» **EXERCISE REQUIREMENTS**: The whole listing should come back exactly as written, except for the pictures.

» **DATA SECTION**:
________________________

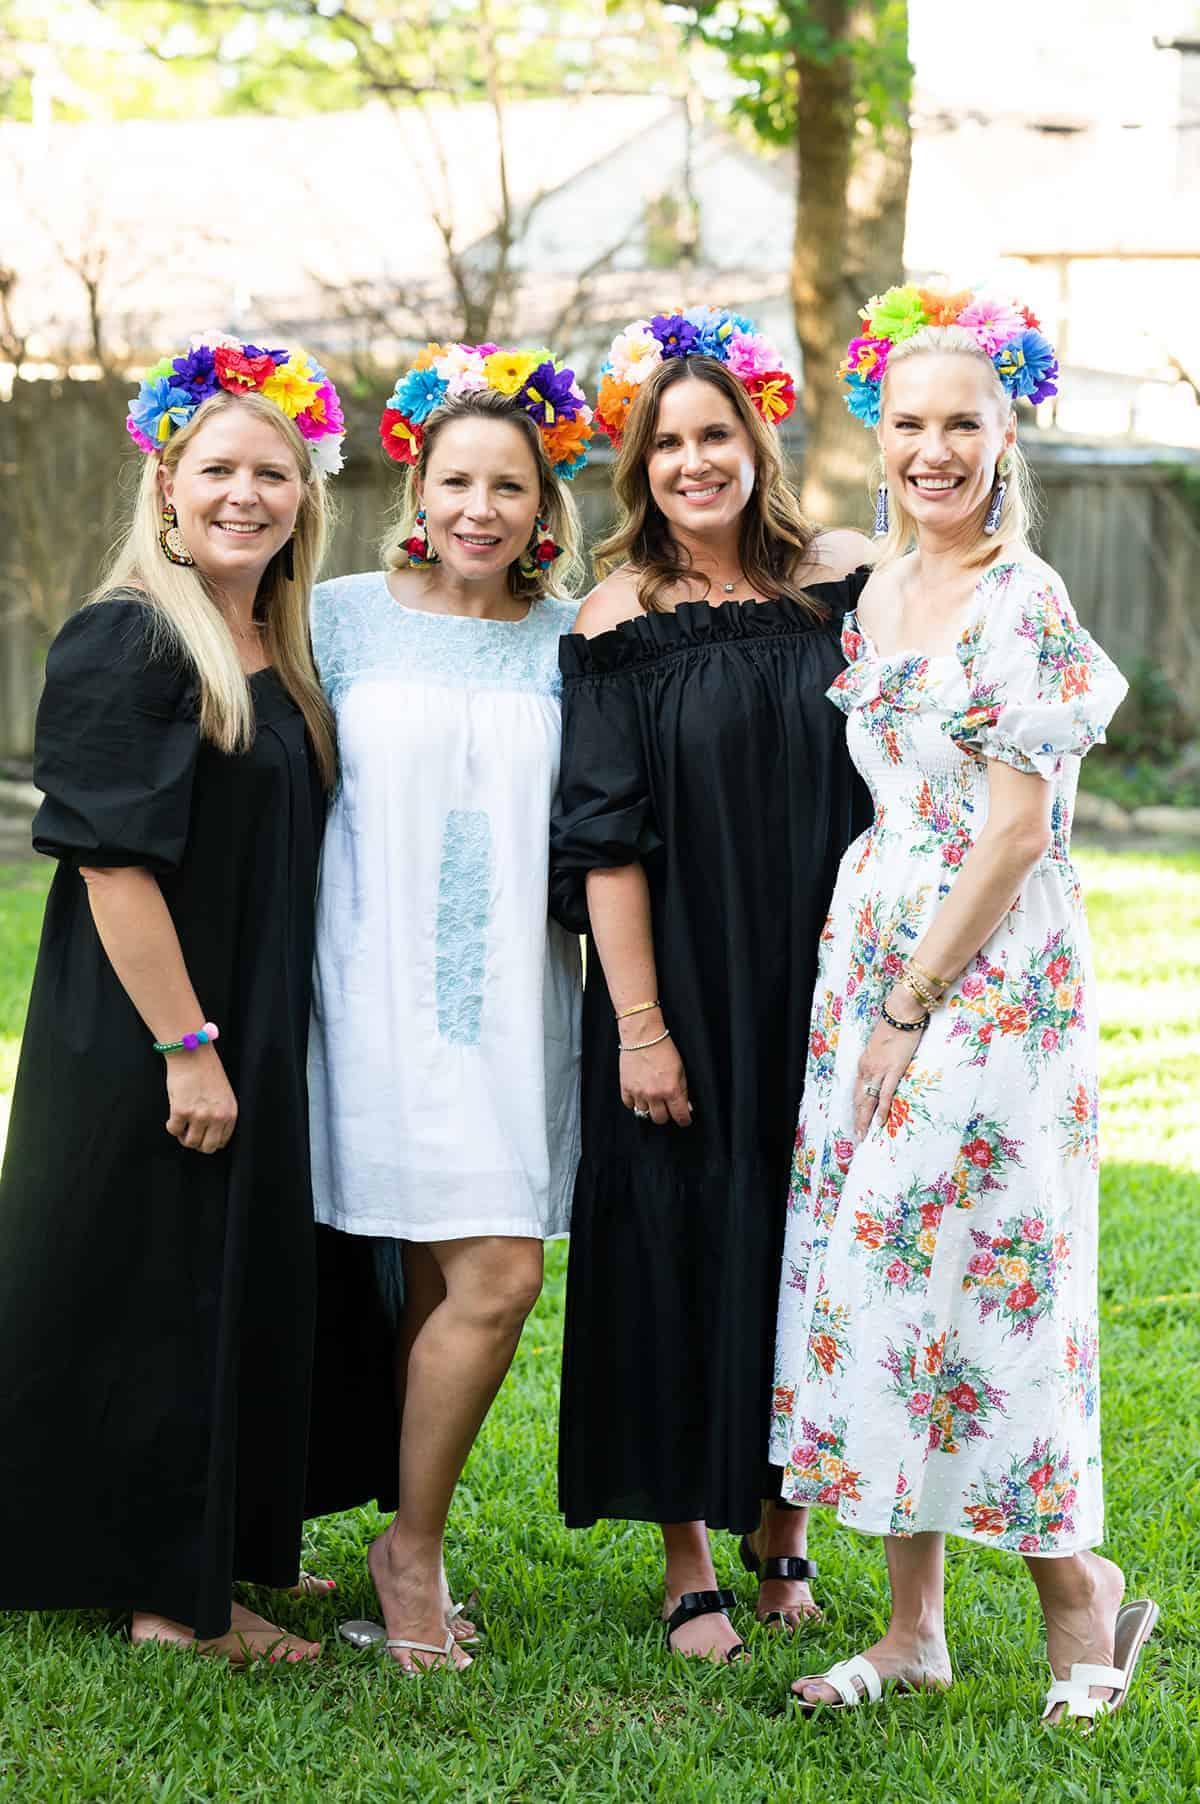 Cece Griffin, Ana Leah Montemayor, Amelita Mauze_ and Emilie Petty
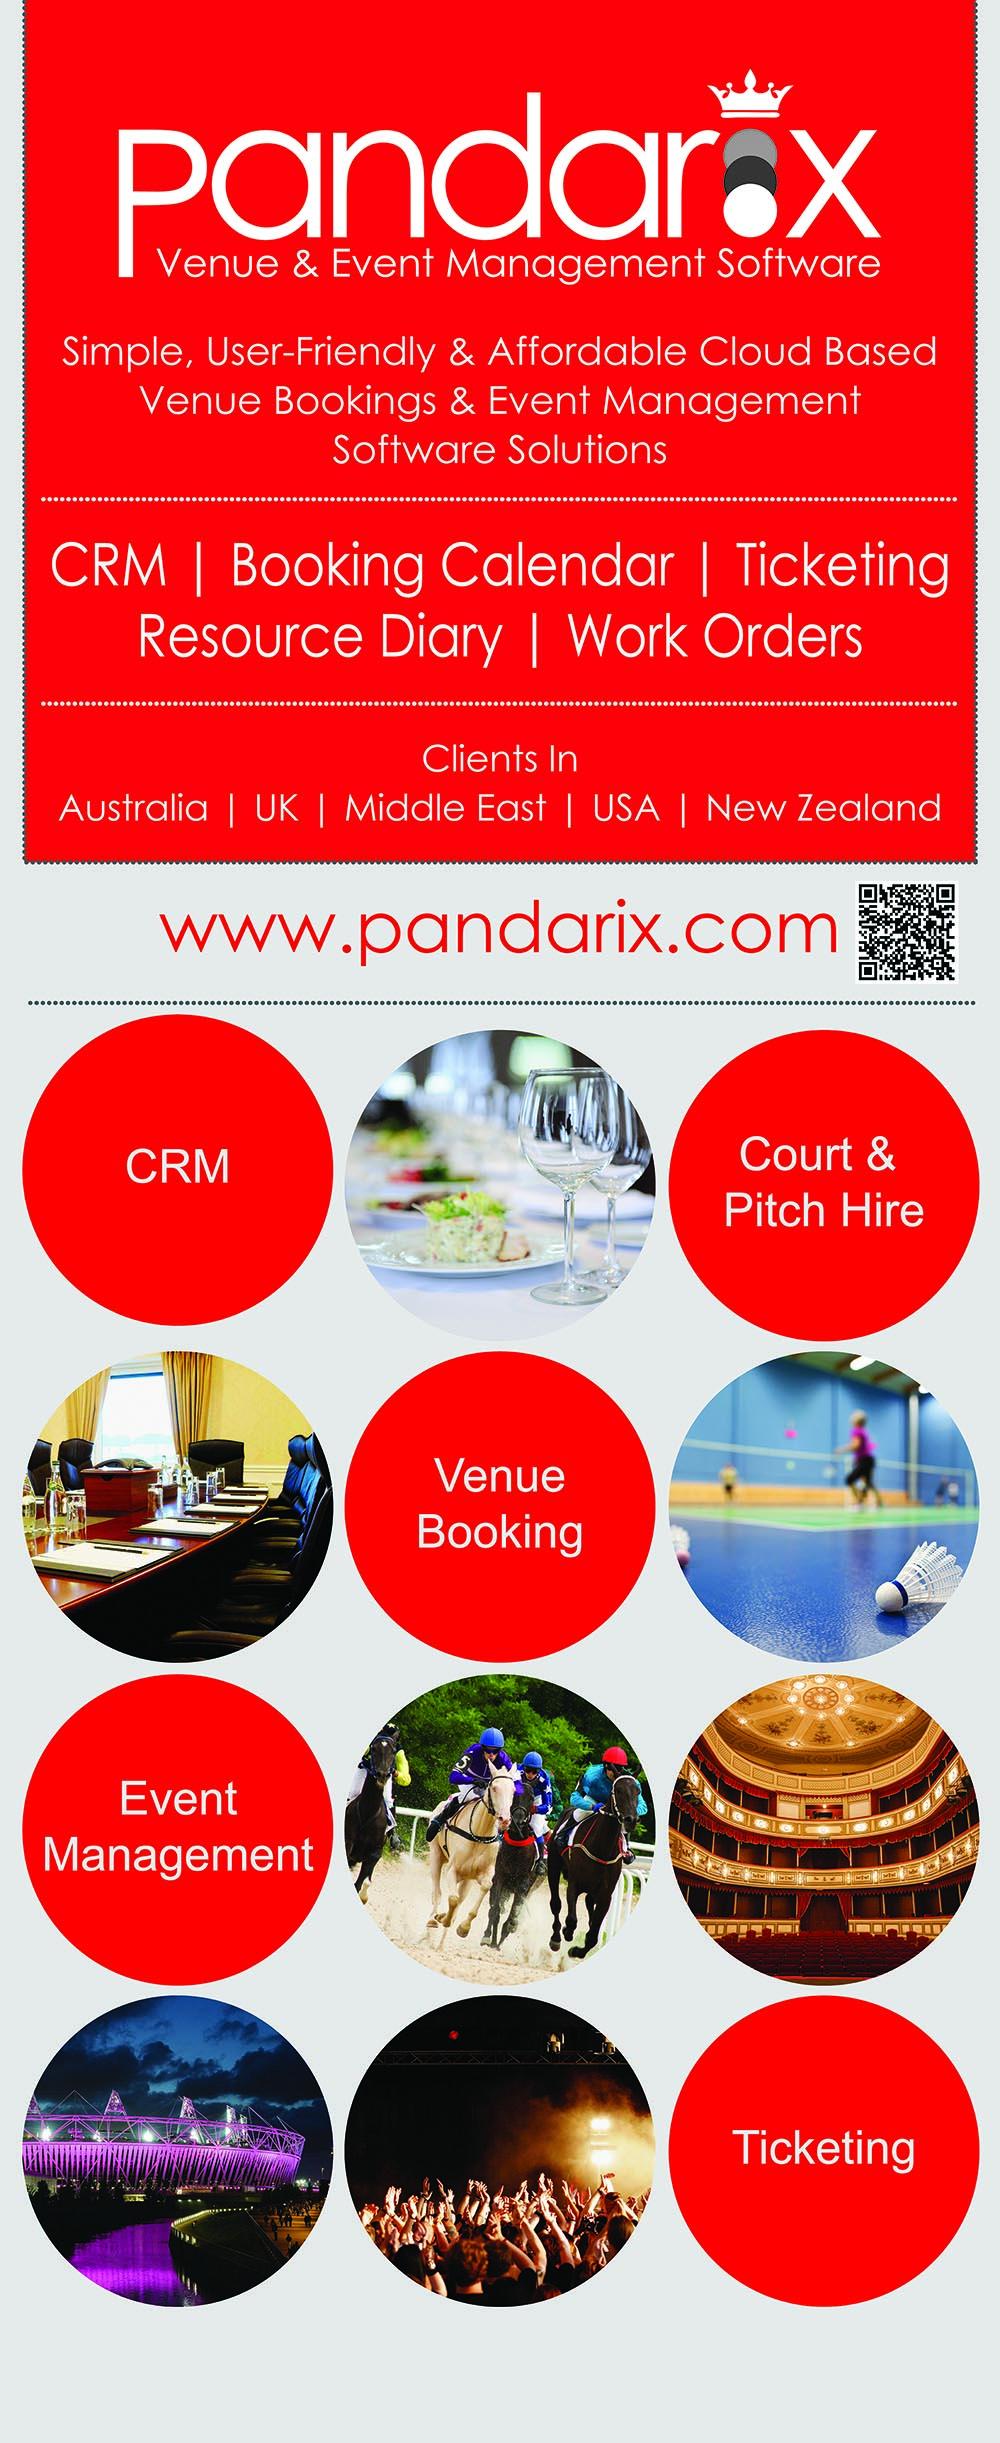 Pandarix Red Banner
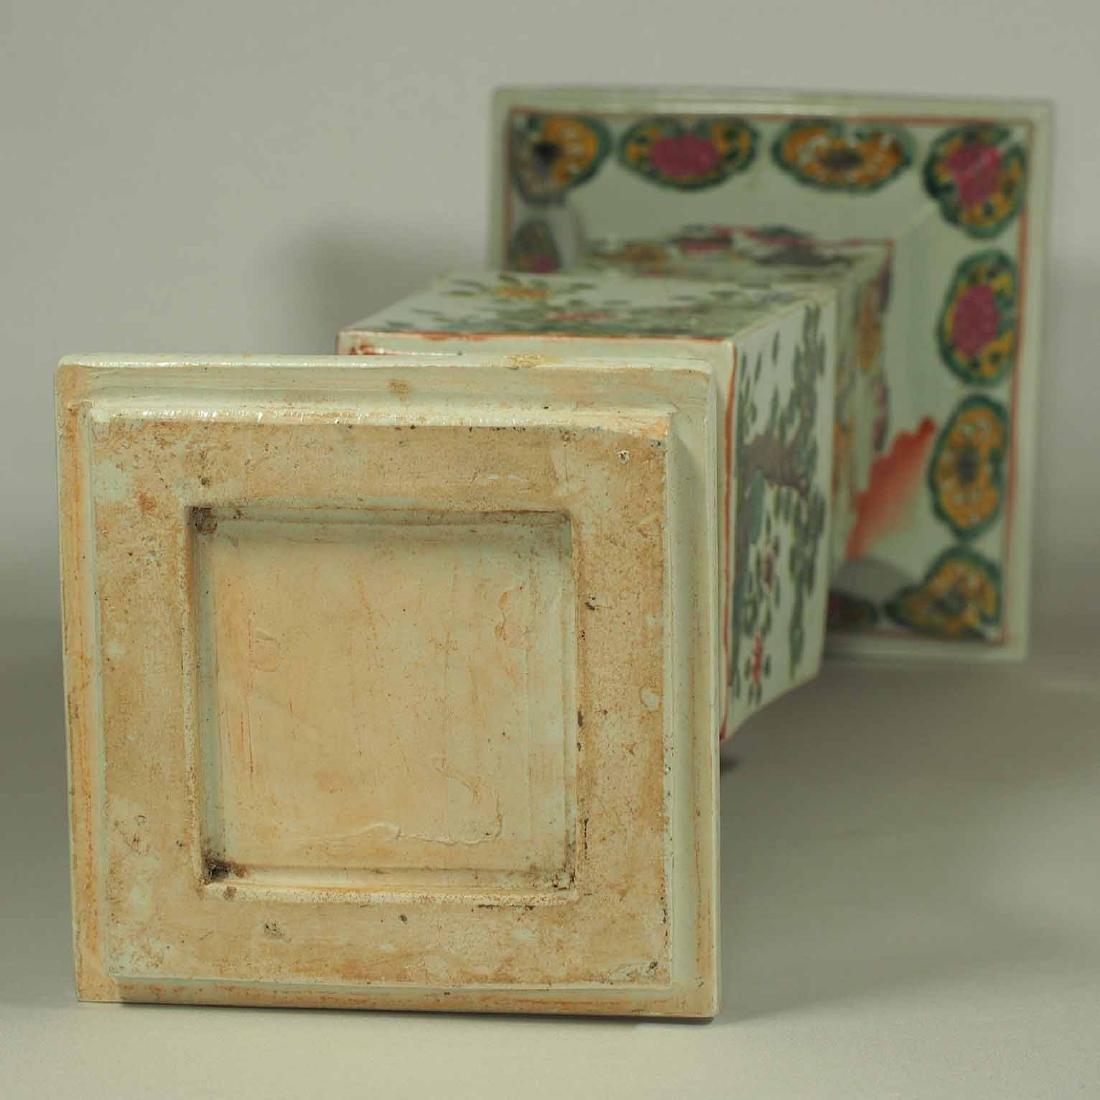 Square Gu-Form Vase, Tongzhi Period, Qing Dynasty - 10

________________________

» **REPLY TO THE TASK**:
 Cece Griffin, Ana Leah Montemayor, Amelita Mauze_ and Emilie Petty
 Pandarix Red Banner
 Square Gu-Form Vase, Tongzhi Period, Qing Dynasty - 10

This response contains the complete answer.